Written by attorney Todd Richard DeVallance

Tax Implications on Settlement Funds Received Pursuant to a Divorce or Legal Separation

If I receive a cash settlement from my divorce, do I need to report the money I received as income on my U.S. Income Tax Return?

It depends on how the funds are classified in the divorce (regardless of if it was an online divorce, uncontested divorce) or legal separation documents. An award of spousal support or spousal maintenance (i.e. alimony ) is taxable income to the individual who receives the support pursuant to I.R.C section 71(a). Thus, the person who is paying the support receives a tax deduction under I.R.C section 215. To qualify as spousal maintenance all of the following requirements must be met, (1) the payment must be in cash or its equivalent; (2) the payment must be received by or on behalf of a spouse or former spouse under a court order; (3) the court order must not specifically state that the income is not included as gross income or not allowed as deduction; (4) the individual receiving the support must not reside in the same household as the person paying the support; (5) there is no requirement for the payments to continue after the death of the party who is receiving the support; and (6) the person paying the support and the individual receiving the support must not file a joint tax return for the year in which the support is paid.

A property settlement award or transfer of property between spouses incident to a divorce, however, is not subject to taxation under I.R.C section 1041. It may be beneficial for the parties to reach an agreement that does not divide all of the assets, but instead awards one of the parties a lump sum settlement for their equity interest in the marital property. For example, the parties may have a home worth $300,000.00 that is encumbered by a $100,000.00 mortgage. Instead of selling the home, incurring realtor fees, and then dividing the remaining proceeds from the sale, an agreement could be reached that awards the home to one spouse. In exchange, the individual awarded the home agrees to pay the other party $100,000.00 as a property settlement. Under this scenario, no taxable gain or loss is recognized on the transfer of the $100,000.00 property settlement pursuant to I.R.C section 1041.

Both family law practitioners and clients should be aware of spousal maintenance awards that are disguised as property settlement awards. The Internal Revenue Service has additional rules that prevent property settlement payments from qualifying for the tax benefits available to spousal support payments. For example, if the divorce or legal separation document states that the Husband will pay the Wife a large sum of spousal support in the first year, and then substantially less support in the years to follow, the IRS has a formula known as the “recapture rule" that may require the individual paying the support to recapture some of the money paid in year one as taxable income. The recapture rules are set for in I.R.C section 71(f).

What are the tax implications if my spouse and I agree to sell our residence or the court orders us to sell our home during our divorce proceedings?
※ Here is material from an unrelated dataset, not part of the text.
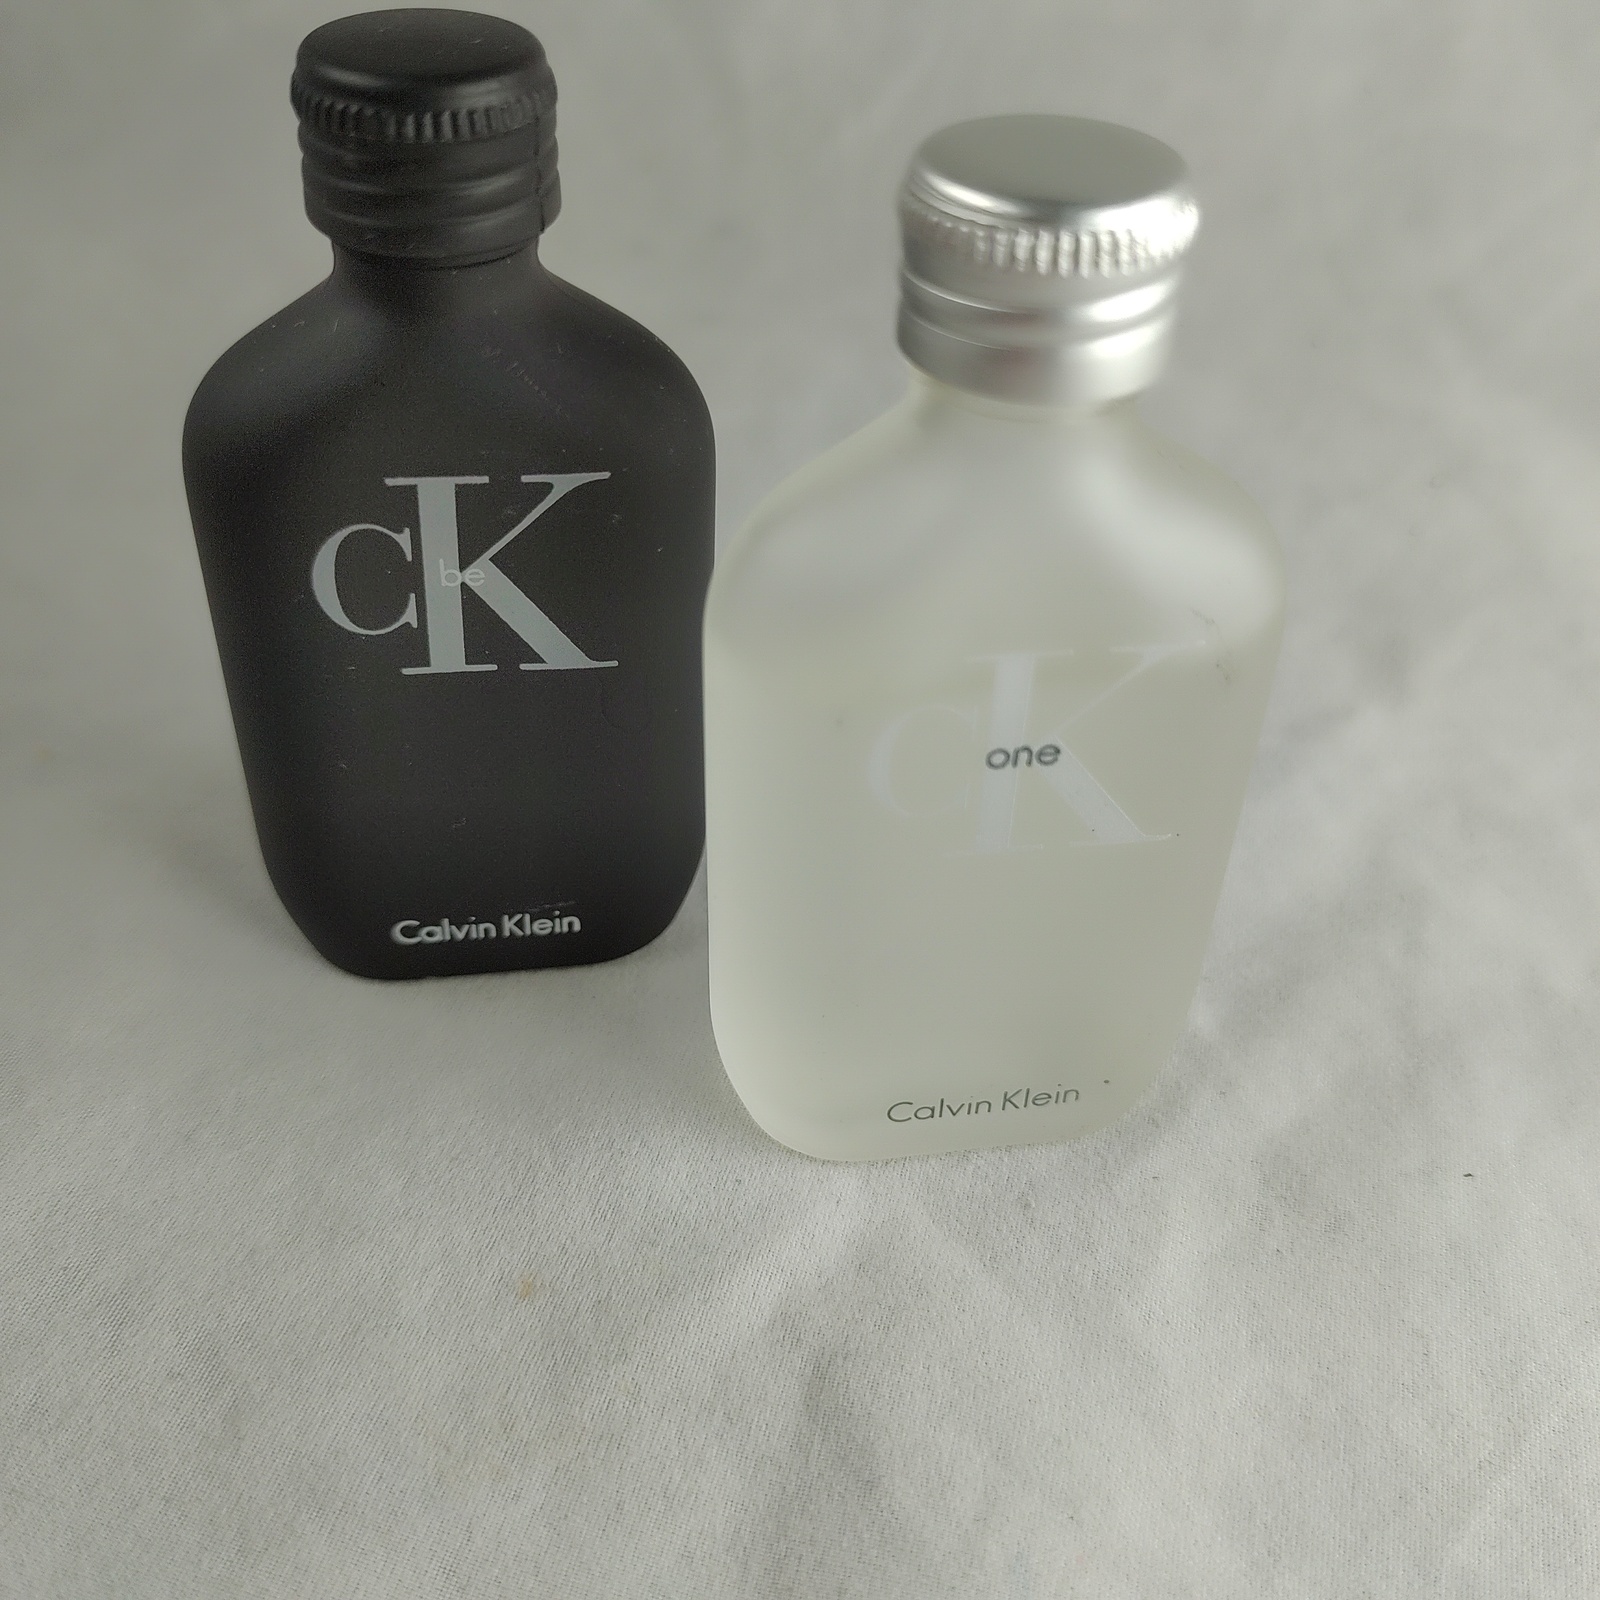 2 Mini Size Bottles Calvin Klein Unisex Colognes; One and Be Sealed .5 Oz Each  - $17.95

I.R.C section 121(b) provides that an individual may exclude from income up to $250,000.00 of gain ($500,000.00 if sold as husband and wife on a joint return) that is realized from the sale of a primary residence provided the Internal Revenue Service’s ownership and use tests are satisfied. As a general rule the gain will only be exempt from tax if the home was used as primary residence for an aggregate of two years over the past five years. So unless your home has increased $250,000.00 in value from the date you purchased it (or $500,000.00 if purchased with your spouse), there will be no taxable gain on the sale of personal residence.

In a situation where the home has increased in value, the issue will turn to whether or not the taxpayer primarily resided in the home for a total of two years during the five year period preceding the date of sale. Any temporary periods of absence of less than an entire year would count as periods of use (e.g. vacation, work travel, or seasonal absences). In the event of a temporary court order or restraining order that was entered while the divorce or legal separation was pending, I.R.C section 121(d)(3)(B) states that “an individual shall be treated as using property as such individual’s principal residence during any period of ownership while such individual’s spouse or former spouse is granted use of the property under a divorce or separation instrument." A special exception to the two-out-of-five rules exists for active duty military personnel under I.R.C section 121(d)(9).

If any portion of the gain of a primary residence is associated with a separate dwelling unit, the dwelling unit is subject to allocation and taxation. You will need to discuss the allocation issues with your accountant. The dwelling unit will not be lumped in with the primary residence. The IRS Regulations are clear on the allocation requirements for mixed use property.